Allardyce secured league status quickly enough but passed up the opportunity to push on or assess players on the fringes of the squad. This process of going through the motions means Everton finishing eighth or ninth is the only tangible thing to settle on the final day; Leicester lurk one place and two points lower in the table but face a trip to a Tottenham side trying to hold onto third place.

Some fringe players will be hoping for another opportunity in this match, especially with Theo Walcott doubtful and injury also denying Wayne Rooney a potential farewell appearance as talk of a move to America gathers pace. Others could also be appearing for the final time, with an uncertain summer ahead for many currently connected to the club.

At the head of that list is Allardyce, who claimed before the recent 1-1 home draw against Southampton that he had captured heart and minds while referring to football as an "entertainment game," but there has been nothing entertaining about this team all season. Allardyce also pointed to the way Everton have played and how they have beaten other teams. Allardyce can sell these opinions easily enough, but supporters are not buying them as the dull, soulless football they are watching on a weekly basis tells them otherwise.

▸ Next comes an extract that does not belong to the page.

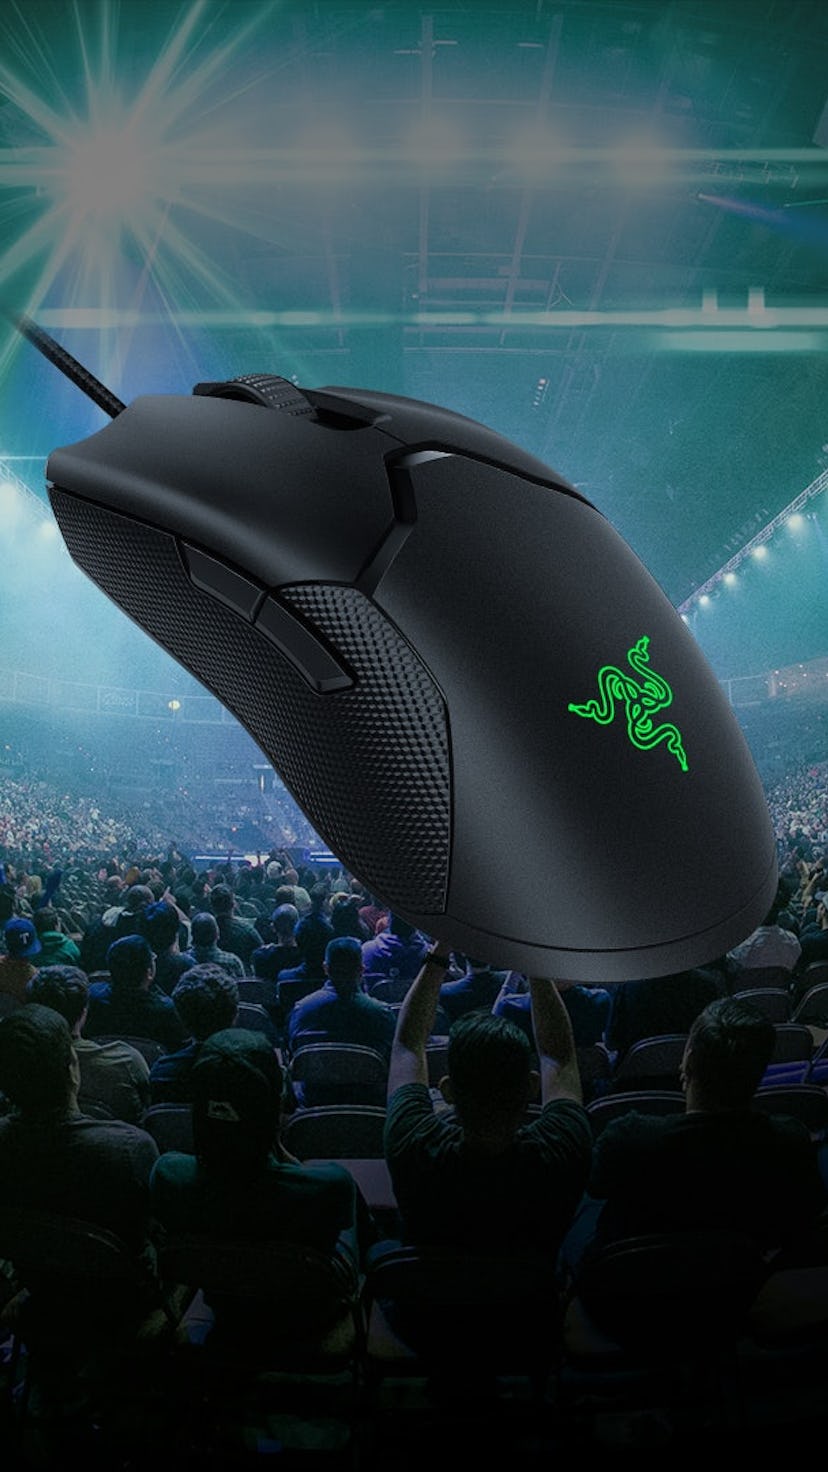 Razer Viper 8K gaming mouse with world's fastest 8000Hz polling rate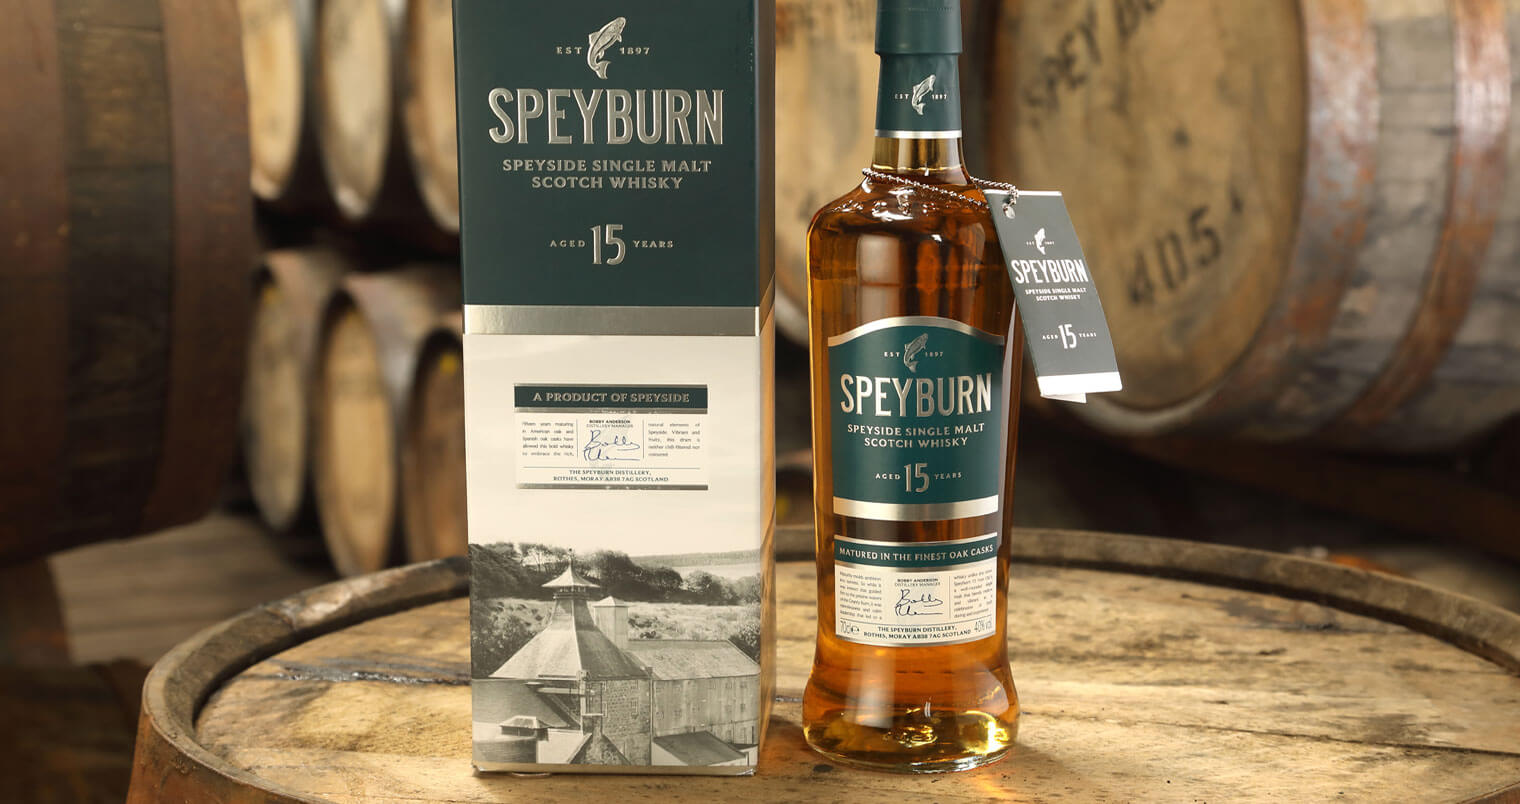 Speyburn Single Malt Scotch Whisky Releases 15 Years Old, featured image

Among the biggest issues has been the constant dumbing-down of expectations, which has seen a host of pundits and ex-players race to defend Allardyce and chastise disgruntled supporters. "What more do you want" is a familiar refrain directed toward Everton fans of late, but this is a club that has gone 23 years without silverware, and that frustration is the undercurrent for much of the discontent present among supporters, who remain loyal despite the complete lack of success in recent decades.

Patience has all but expired at this stage, which explains the lack of tolerance for Allardyce and methods that offer little long-term promise or hope of progress.

Everton and long-standing American sitcoms may be a curious fit, but there is a scene from "The Simpsons" that captures the current mood among Evertonians. "Hurry up and lose so we can get out of here," bellows Homer Simpson as his baseball team enters the field. A confused Lisa asks her dad why he hates his team so much. "Because I loved them once and they broke my heart," replies a now downbeat Homer.

The sport may be different, but the general sentiment is something to which Everton supporters can relate. Wishing defeat on Everton is a step too far, even at this stage of the season, but the desire for the season to end is widespread. No team does disappointment quite like Everton, and this has been a season packed with it.

Supporters need an Everton that does not break their hearts quite so often. Supporters also need their hope back.